How the Dataiku Architecture Supports MLOps¶
In this lesson, we’ll describe the Dataiku architecture and how it pertains to MLOps, including:
Dataiku architecture tools and nodes,
Batch scoring project lifecycle, and
Real-time scoring project lifecycle
This content is also included in a free Dataiku Academy course on Production Concepts, which is part of the MLOps Practitioner learning path. Register for the course there if you’d like to track and validate your progress alongside concept videos, summaries, hands-on tutorials, and quizzes.
The final mile of putting machine learning models into production can be a significant challenge. One way to meet this challenge is to work within a framework that is already prepared to push models to production. This is where the architecture of Dataiku comes in.
The Dataiku architecture consists of tools and nodes to design your models and then operationalize them. These tools and nodes can be thought of as unique environments–each with its own purpose–yet are still part of the same platform.
Using an example use case, Credit Card Fraud Analysis, we’ll describe the Dataiku architecture nodes, starting with the Design node, which is where we build our project.
To illustrate, we’ll describe how we use the Deployer to deploy our project to the Automation node for batch processing and then to the API node for real-time scoring.
A Project Bundle is Deployed for the Purpose of Batch Processing¶
In our Credit Card Fraud example, we aim to batch process and score credit card transactions once per day. Our batch-processing project lifecycle begins at the Design node–the most flexible node.

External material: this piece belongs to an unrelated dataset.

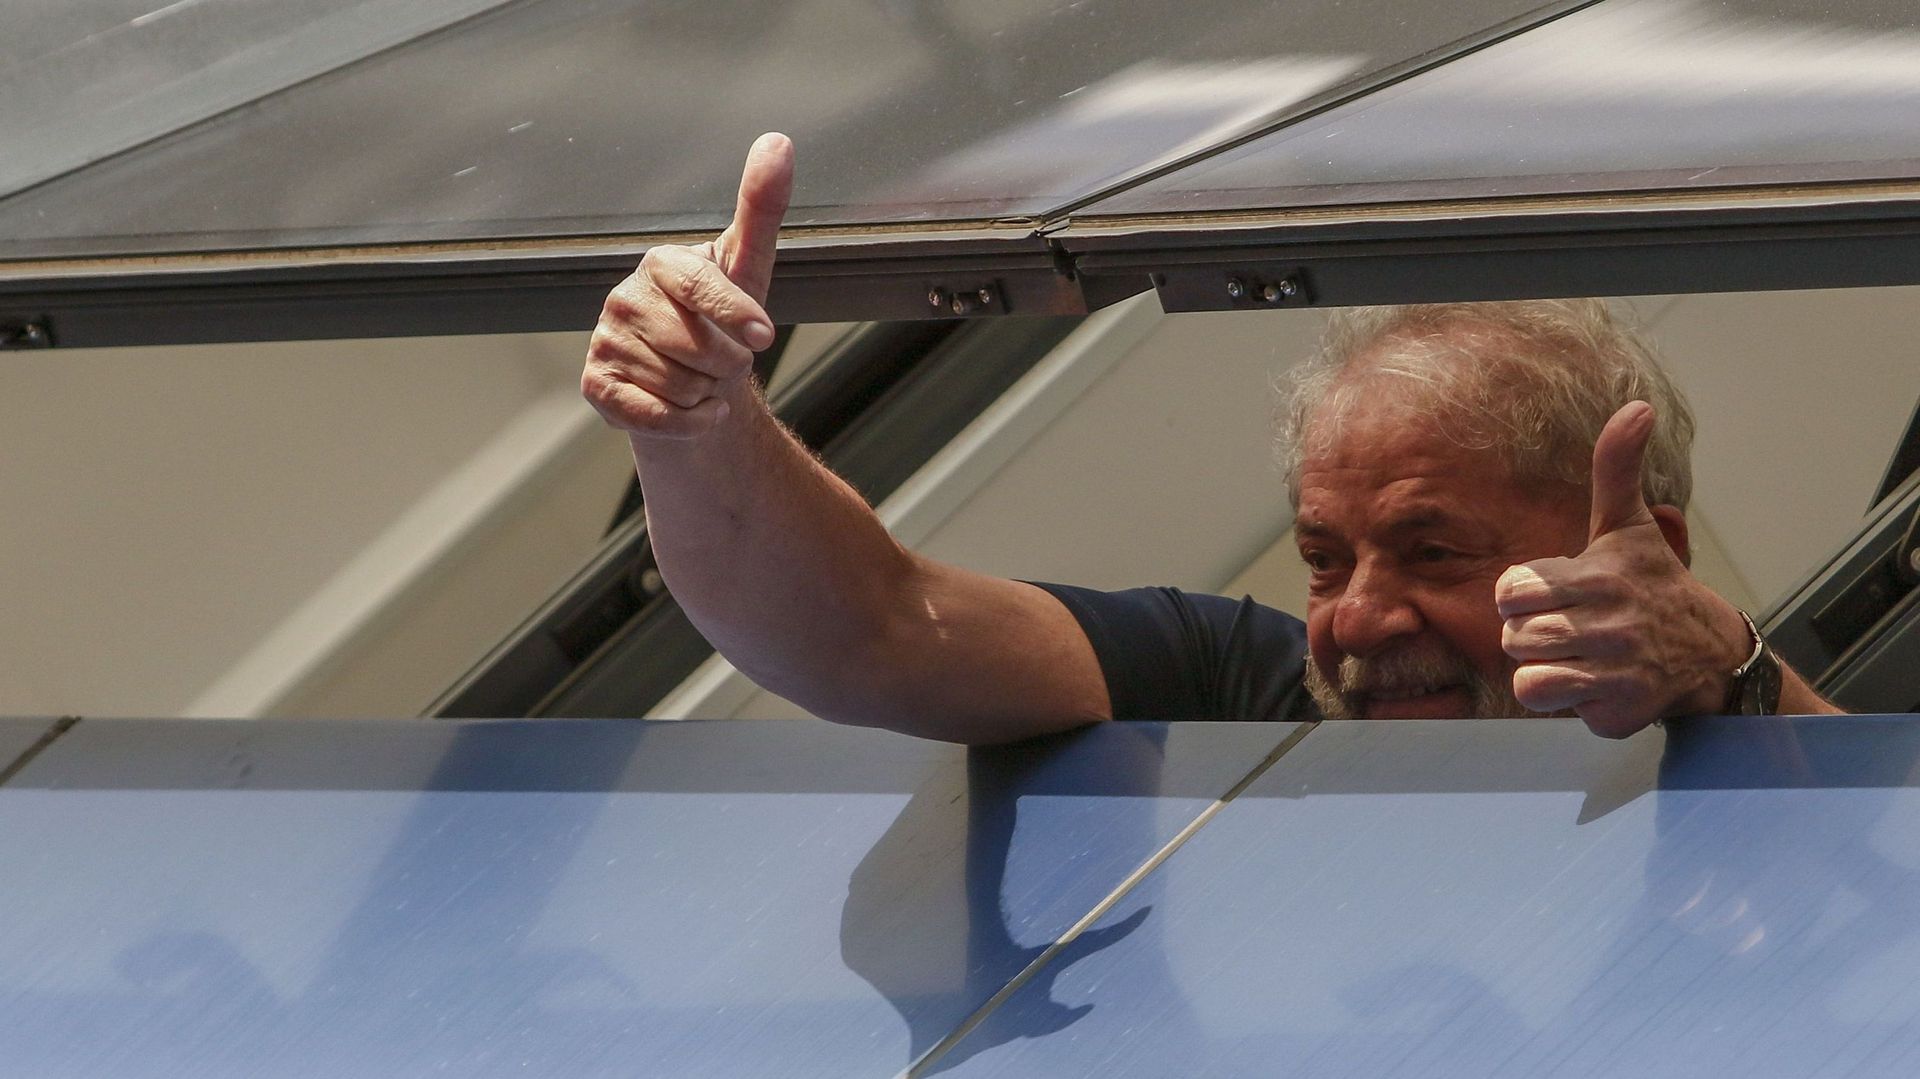 Brésil: l'ordre de libération de Lula annulée par un juge, l'ex-président reste en prison

The Design node is a shared development environment where we can collaboratively connect to, analyze, and prepare our data, creating data visualizations and prototypes. Having this sandbox allows us to fail (even spectacularly) without impacting projects in production.
The Design node is also where we iteratively build our prediction model, set up metrics and checks, and create automation scenarios and dashboards.

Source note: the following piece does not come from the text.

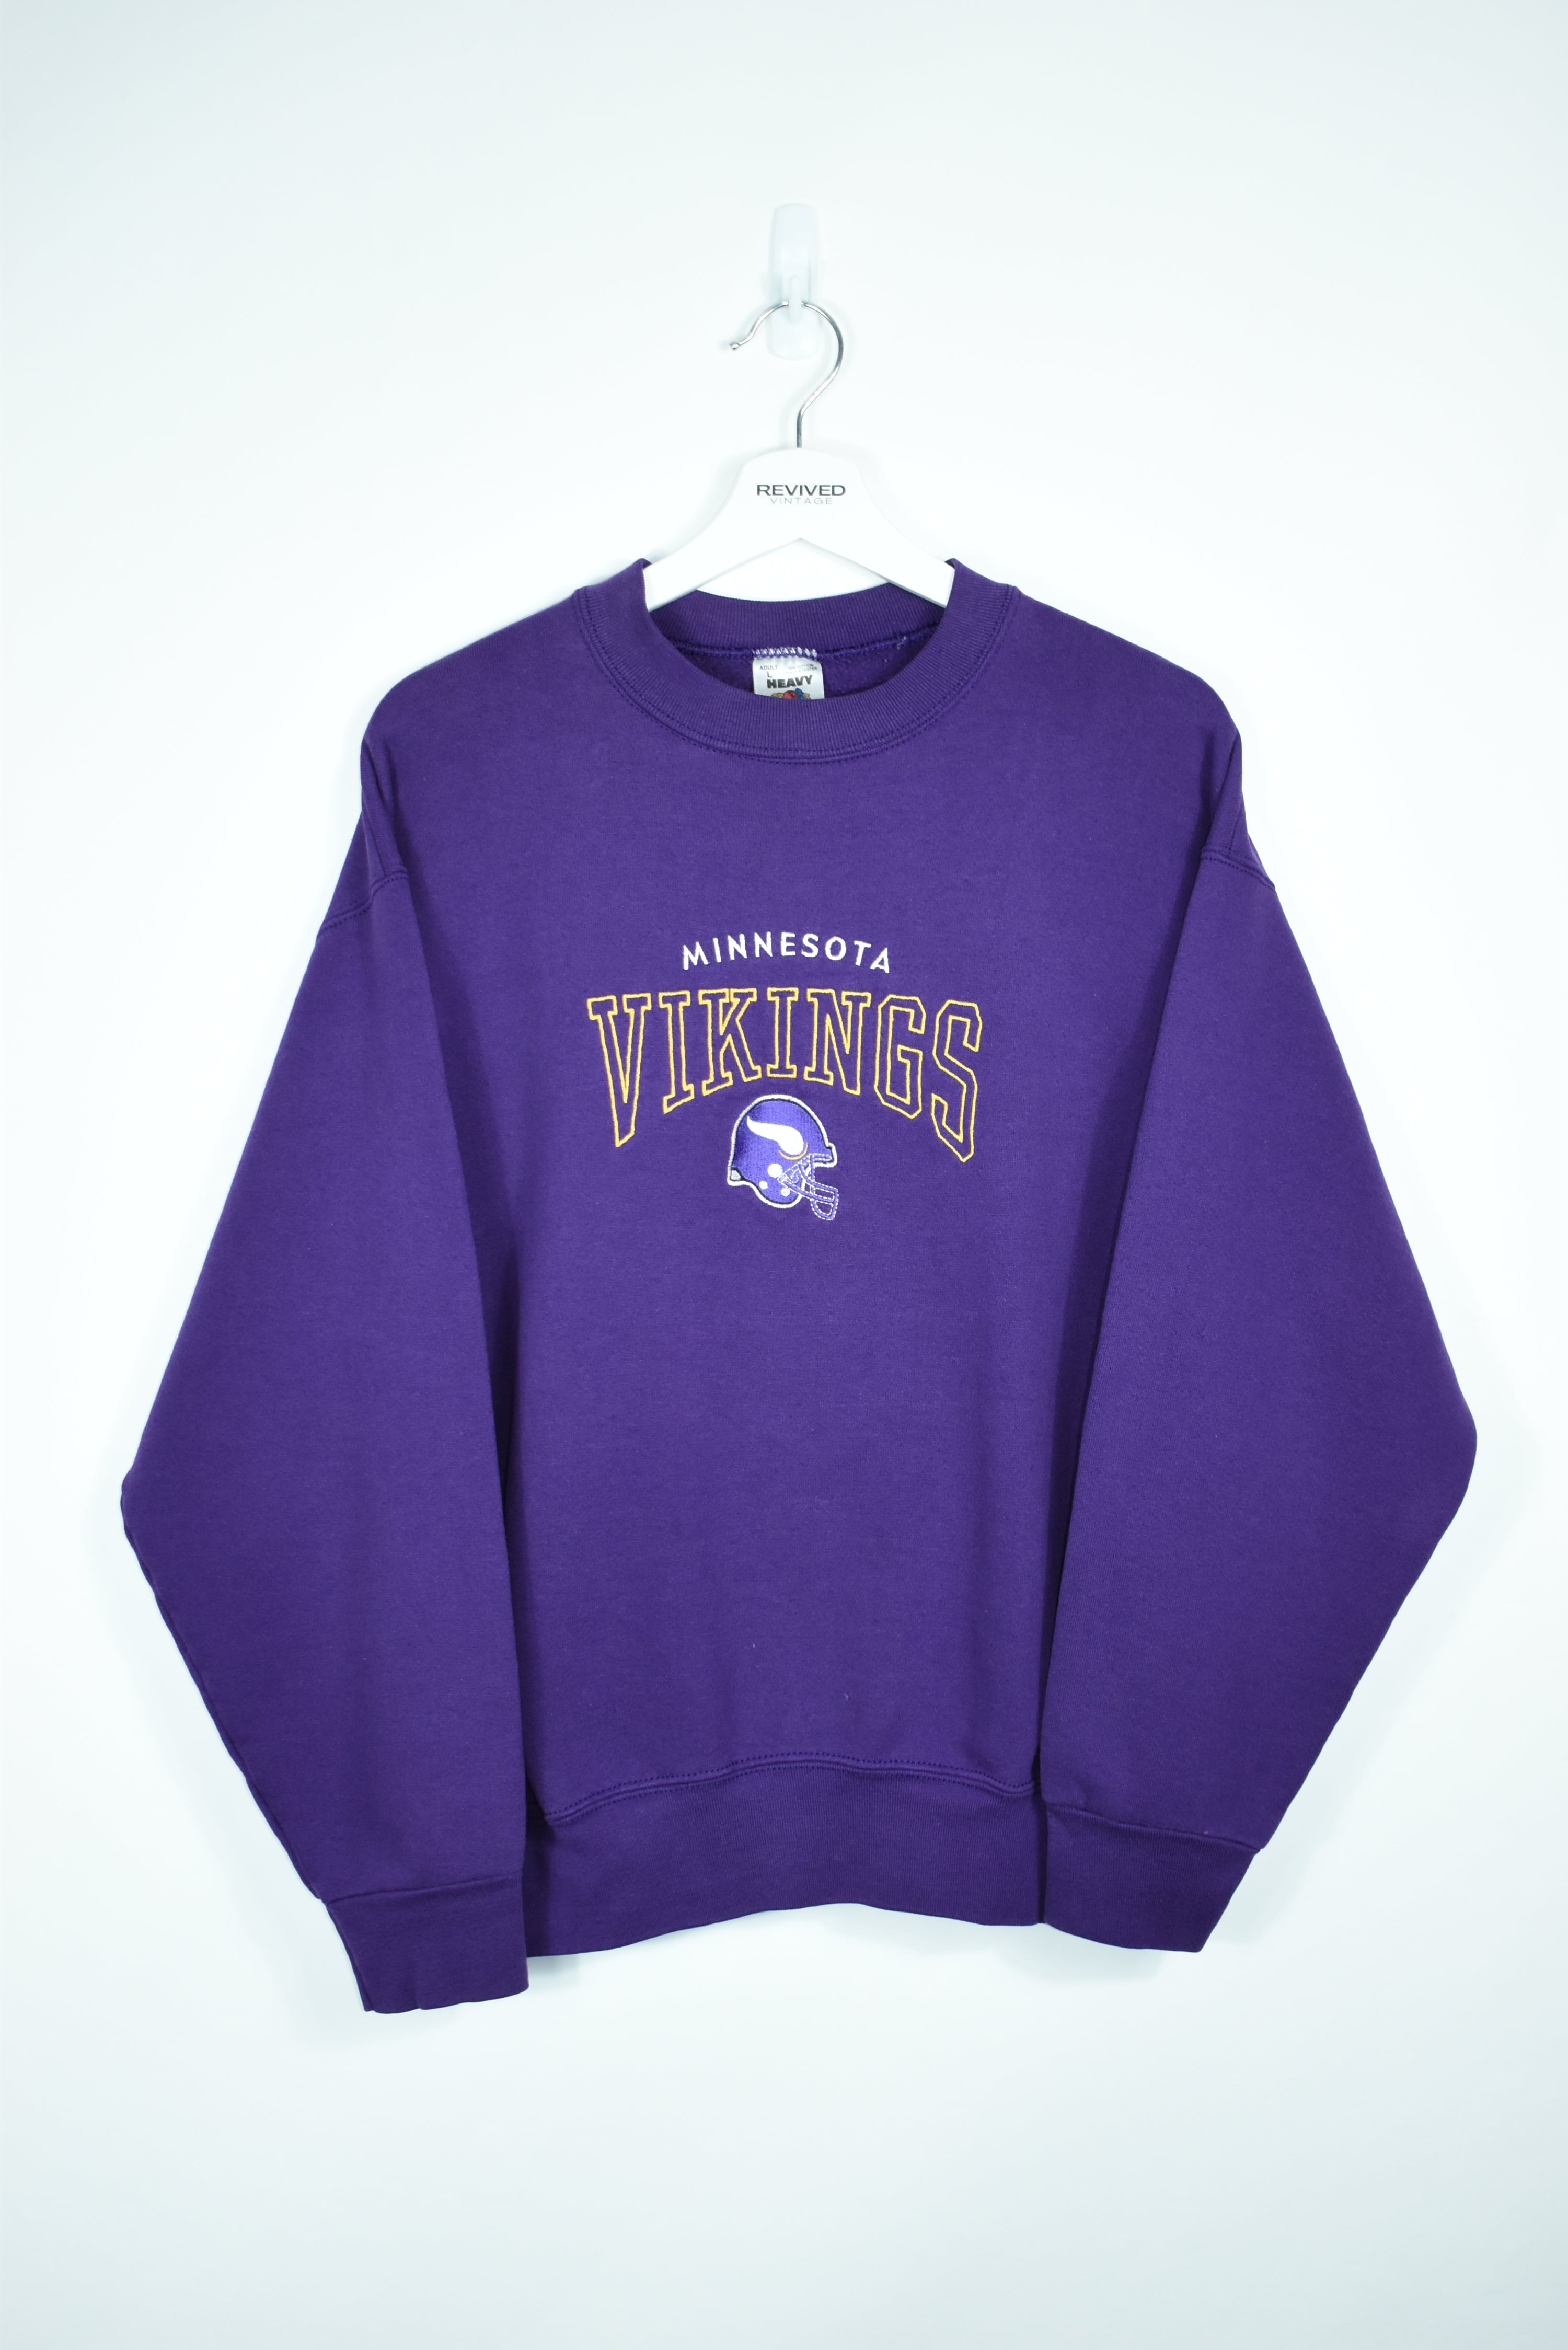 Vintage Minnesota Vikings Embroidery Sweatshirt Medium/ Large

For example, let’s say the business wants a daily dashboard showing where that day’s fraudulent transactions occurred according to the prediction model. We want to ensure the data used to create the dashboard passes quality checks before building the dashboard. One of our data quality checks might be to check for the number of unique merchant IDs or no new columns in the new, unknown transactions dataset.
After designing our workflow, we package all of our work as a bundle. You can think of a bundle as a snapshot of the project that contains the data and configurations needed to reconstruct the tasks in the production environment. This snapshot includes the recipes, transformations, and automation scenarios. A bundle exports the project structure.
Once we create our bundle, we use the Deployer to deploy the project. The Deployer is a tool for deploying projects and API services–it can be set up as a standalone instance of Dataiku or as part of the Design or Automation node. We’ll use a specific Deployer component known as the Project Deployer for our batch processing use case.
The Project Deployer deploys the bundle to the Automation node. The Automation node is an isolated environment for operationalizing batch-processed data or machine learning scoring and retraining (redesigning still happens on the Design node). The Automation node lets us orchestrate and execute data workflows in production, giving us tools to monitor performance and version different projects. The stable and isolated nature of the Automation node allows for repeatable, reliable, production-integrated processes.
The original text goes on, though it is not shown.